А какъ такія забавныя подробности завели насъ весьма далеко; то Кавалеръ подумалъ, что уже далъ намъ высокое понятіе о своихъ богатствахъ и знатности; онъ подошелъ ко мнѣ, подавъ знакъ Г. Фулеру, чтобъ на минуту отъ насъ вышелъ, и тогда началъ онъ мнѣ подробно изчислять хорошія качества своего племянника; онъ объявилъ мнѣ ту сильную страсть, которую Г. Фулеръ ко мнѣ почувствовалъ; онъ меня униженно просилъ удостоить своею благосклонностію молодаго человѣка, столъ меня достойнаго, столь хорошо воспитаннаго и столь благороднаго, коего при томъ онъ хочетъ учинить единымъ своимъ наслѣдникомъ, и для коего, изъ уваженія ко мнѣ намѣренъ онъ сдѣлать то, чего бы ни для какой другой женщины не сдѣлалъ.
На столь важныя предложенія не позволено было отвѣчать съ видомъ шутливымъ, отъ коего не льзя было удержаться при первомъ посѣщеніи Кавалера Роланда Мередита. Я досадовала, видя себя почти такъ смущенну, нѣму и безразсудну, какъ будтобъ думала одобрить намѣреніе Г. Фулера. Г. и гжа. Ревсъ, по видимому принимали за удовольствіе видѣть меня въ такомъ состояніи. Кавалеръ, казалось мнѣ, хотѣлъ уже затянуть гальскую свою пѣсенку и плясать съ великой своей радости. Въ семъ восхищеніи, онъ меня спросилъ, не позвать ли племянника для подтвержденія того, что онъ мнѣ говорилъ, и чтобъ онъ всѣ свои сердечныя чувства открылъ мнѣ? Онъ не много робокъ, сказалъ онъ мнѣ. Онъ утверждалъ, что одно ласковое мое слово можетъ его сдѣлать человѣкомъ.Позвольте, прибавилъ онъ съ тою же горячностію: позвольте мнѣ его кликнуть; я самъ за нимъ пойду. При сихъ словахъ доброй старикъ побрелъ изъ горницы. Я немедлѣнно ему отвѣчала: пожалуйте, Г. Кавалеръ, выслушайте одно слово, прежде нежели Г. Фулеръ сюда придетъ. Вы объяснились со всевозможною честностію, и я вамъ столь же обязана, какъ и Г. Фулеру, за то мнѣніе, которое о мнѣ имѣете. Но то, что вы мнѣ предлагаете, дѣло совсемъ невозможное.
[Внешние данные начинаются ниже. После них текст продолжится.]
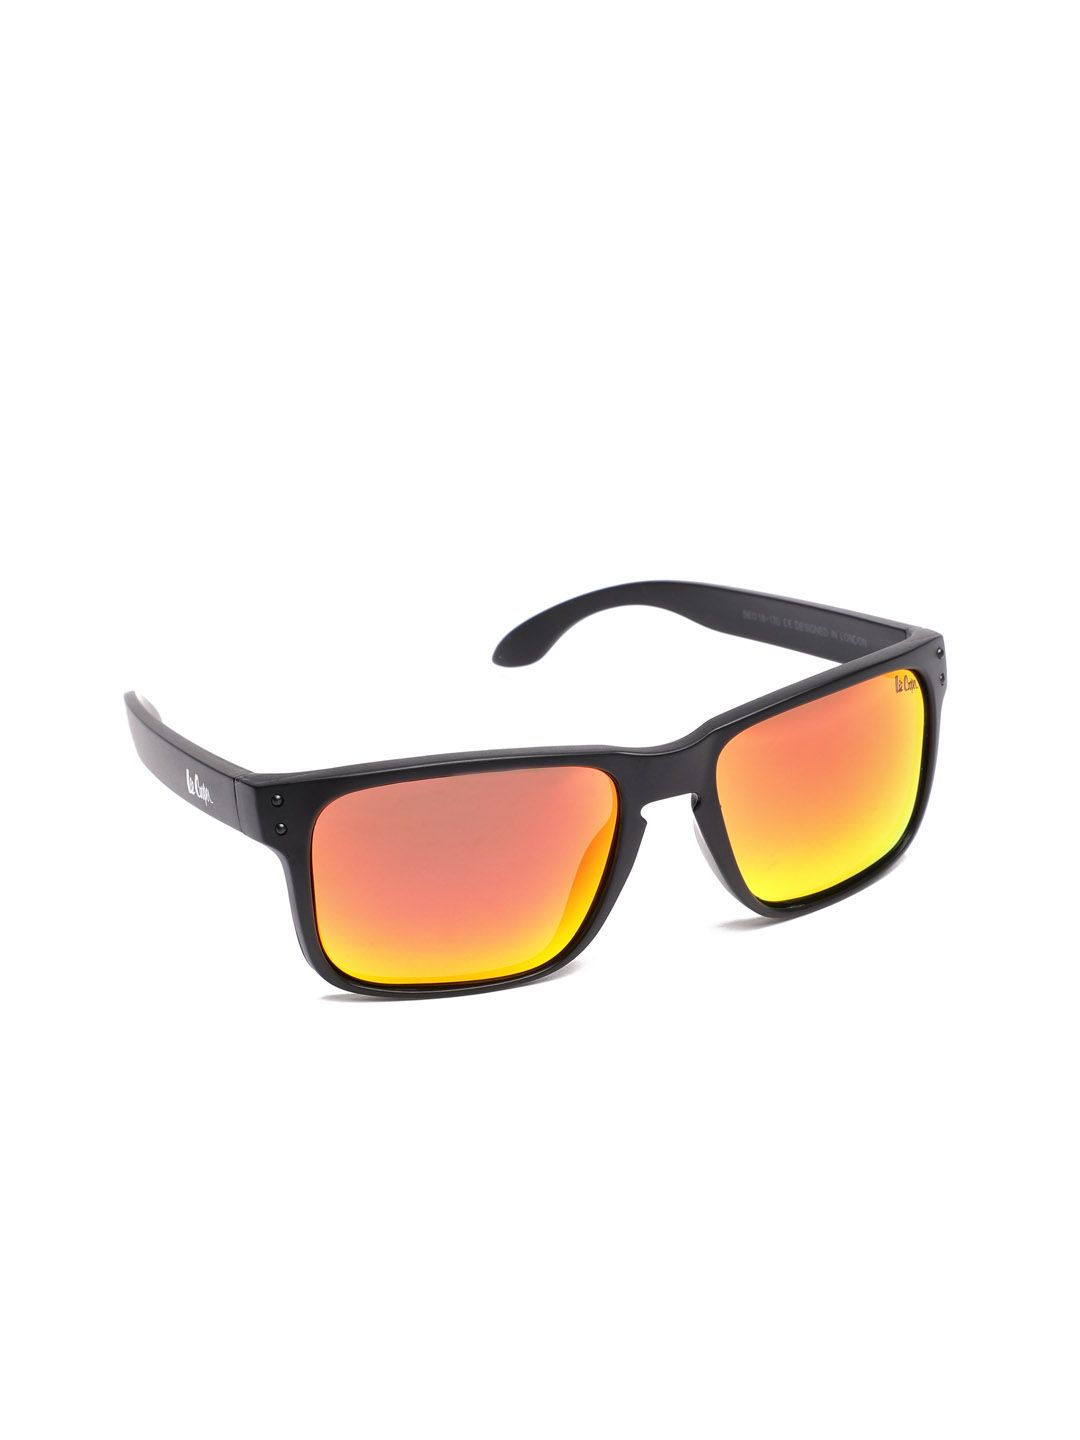 Lee Cooper Unisex Rectangle Sunglasses LC9137 BLKRED Price in India

Какъ невозможное! Нѣтъ, нѣтъ Сударыня, ничего правда нѣтъ столь удобнаго. Вы окажете намъ милость и дадите намъ время, въ которое нѣсколько разъ васъ посѣтить можемъ, и въ которое можете лучше узнать добрыя качества и разсудительность моего племянника. Вы будете убѣждены его устами, его сердцемъ, его душею, долженъ я сказать, въ той любви, которую онъ къ вамъ чувствуетъ. Не ему нужно время. Етотъ молодецъ рѣшился уже навсегда. Но скажите, Сударыня, что вы назначаете недѣлю или нѣсколько дней, дабы разсудить о томъ, что вы можете или хотите намъ дать въ отвѣтъ. Вотъ все, чего я у васъ теперь прошу, Сударыня, или лучше сказать все то, что я самъ могу вамъ позволить.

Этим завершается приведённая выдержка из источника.